463261 Analysis of Upstream Creeping Reaction Zones in Catalytic Monolith Reactors

Monday, November 14, 2016: 8:00 AM
Franciscan D (Hilton San Francisco Union Square)
Tian Gu and Vemuri Balakotaiah, Department of Chemical and Biomolecular Engineering, University of Houston, Houston, TX

Analysis of Upstream Creeping Reaction Zones in Catalytic Monolith Reactors

Tian Gu and Vemuri Balakotaiah

Department of Chemical and Biomolecular Engineering, University of Houston, TX-77204

Abstract

 

Monolith reactors are widely used in catalytic after-treatment systems (e.g. TWC, DOC, LNT and SCR). One major challenge in exhaust after-treatment is reducing cold start emissions which accounts for a significant fraction of the total emissions. Recent developments in advanced combustion strategies such as low temperature combustion (LTC) make abating cold start emissions and meeting environmental regulations even more challenging.

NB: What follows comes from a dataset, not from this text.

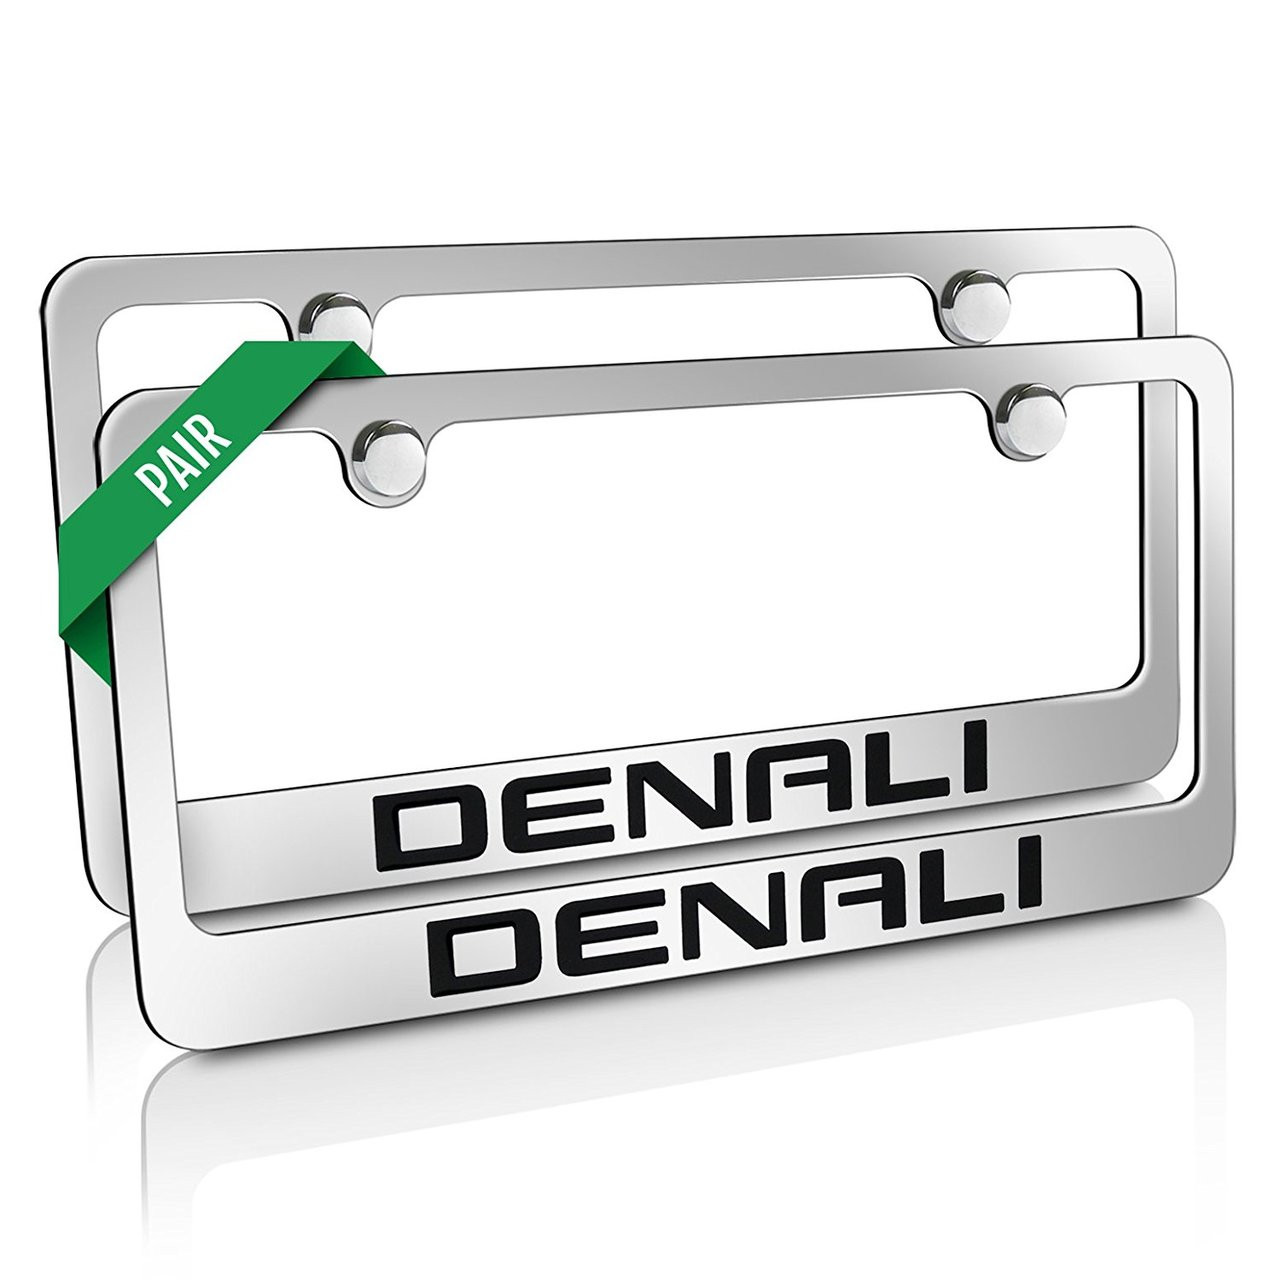 GMC Denali Chrome Metal License Plate Frames pair - Car Beyond Store

During a cold start, ignition can occur at the front-end, in the middle or at the back-end of the reactor. After the reactor is ignited, it is desired that the reaction zone is maintained close to the inlet so that when small excursions in gas velocity, inlet temperature and concentrations do not quench the reactor. This can be achieved if front-end ignition is possible (which requires high precious metal loading and/or high inlet temperature and/or high adiabatic temperature rise). While front-end ignition is technologically possible, it may be economically impractical. In such cases, back-end ignition followed by a fast upstream creeping reaction zone provides a feasible way to reduce cold start emissions.

In this work, the upstream creeping reaction zone is investigated in detail using a modeling approach. The effects of various design parameters (e.g. solid thermal conductivity, heat capacity, etc.) and operating conditions (gas velocity, inlet temperature/concentrations) on the creep velocity are determined and summarized as a correlation. Analytical criteria for reaction zones to creep upstream are also presented. These criteria can provide guidance for both design and control of catalytic after-treatment systems.


Fig.1 Snapshots of transient (a) conversion and (b) temperature profiles during a cold start showing an upstream creeping reaction zone. Snapshots are taken every 10s.

Fig.2 Creep velocity as a function of the gas velocity with different adiabatic temperature rise.